Why the AI Act matters now
AI is increasingly being used in decision support, analytics and public services. Banks use AI for credit assessments, insurance companies for risk analysis, and municipalities for welfare-related decisions.
At the same time, the risks – both technical and ethical – are growing. We have already seen alarming examples of how AI-based decisions can ruin people’s lives, such as the use of the COMPAS algorithm within the US justice system (https://link.springer.com/article/10.1007/s10506-024-09389-8).
The AI Act aims to reduce these risks through a risk-based framework where accountability, transparency and security are central principles.
AI Act risk levels at a glance

Key obligations under the AI Act
The AI Act requires organisations to demonstrate that their AI systems are safe, fair and controllable.
Key obligations:
Risk management: Identify and manage risks in every AI system.
Data quality: Ensure that training data is accurate, traceable and governed appropriately.
Technical documentation: Document model architecture, test results and decision-making processes.
Human oversight: AI must not make decisions that directly affect individuals’ rights without human supervision. A human must always be able to intervene, interpret or override an AI-generated decision.
Cybersecurity: Protect against manipulation, data poisoning and model theft. Ensure the robustness of AI models.
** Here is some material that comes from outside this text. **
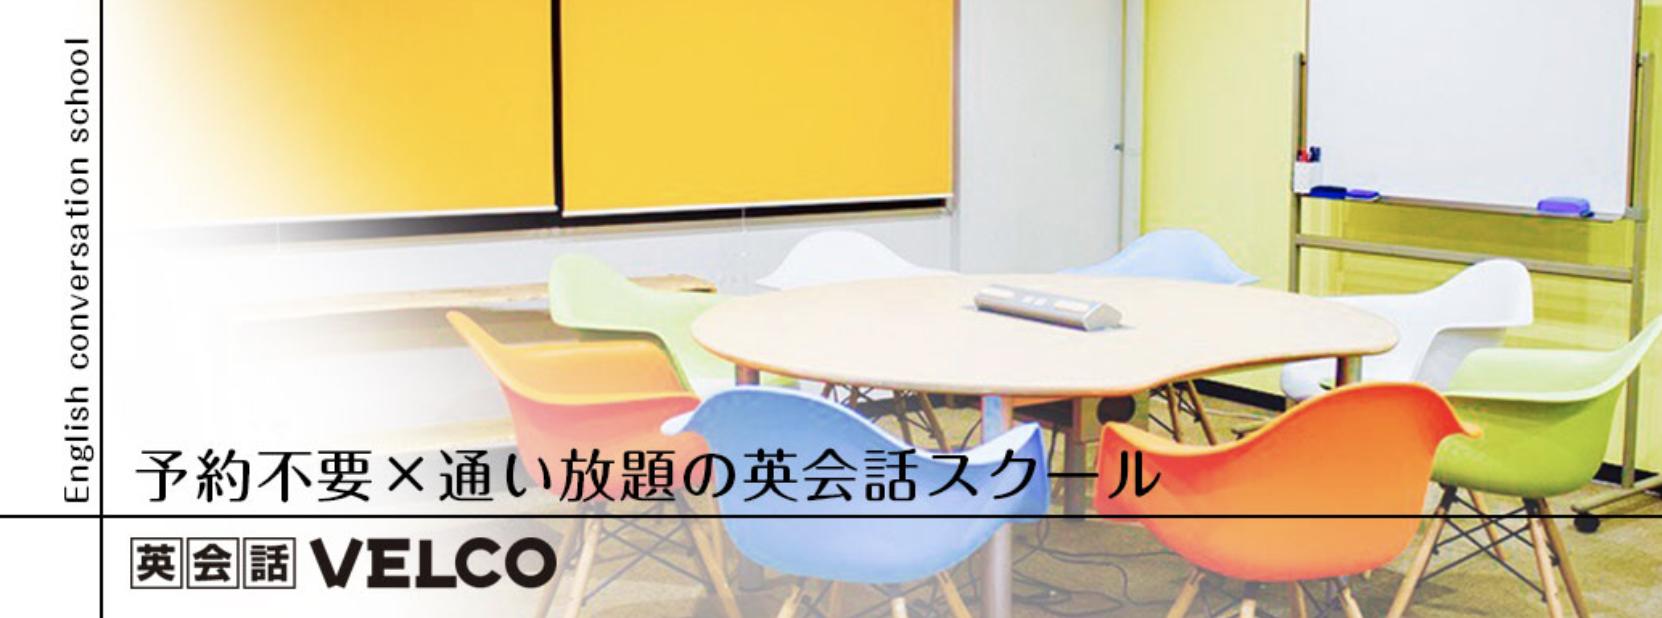 【目的別】滋賀の英会話スクール8選 ジャンル別おすすめスクール

Examples from Swedish sectors
Finance and insurance
AI is used for credit assessments, claims handling and fraud detection – all classified as high-risk AI.
Requirements: risk analysis, model reviews, human oversight and data traceability.
Recommendation: integrate AI governance into existing DORA programmes for IT risk and operational resilience.
Public sector
Municipalities and public authorities use AI in decision support, welfare services and document analysis.
Requirements: transparency, traceability and human oversight in all decisions affecting citizens.
Recommendation: identify “shadow AI” – systems being used without formal governance or monitoring.
Healthcare and life sciences
All AI used in diagnostics and treatment is considered high-risk.
Requirements: CE marking, clinical validation and data documentation.
Recommendation: also identify products and systems that use AI indirectly – many are now classified as AI components.
How to prepare
- Map your AI usage: What is being used, by whom and for what purpose?
- Classify risk levels: Determine whether the system is prohibited, high-risk or limited-risk. Immediately phase out any prohibited systems.
- Establish AI governance: Define policies, responsibilities, roles and reporting structures for management.
- Prepare documentation: Retain data, models, training materials and decision logs.
- Integrate compliance: Use ISO 27001, DORA and NIS2 as frameworks for AI governance. Building on existing frameworks avoids duplication and ensures cohesive, robust governance.
- Train the organisation: Legal, ethical and technical expertise must work together.
Risk of administrative fines
Prohibited systems: up to EUR 35 million or 7% of global annual turnover.
Non-compliance: up to EUR 15 million or 3%.
Providing incorrect information to supervisory authorities: up to EUR 7.5 million or 1%.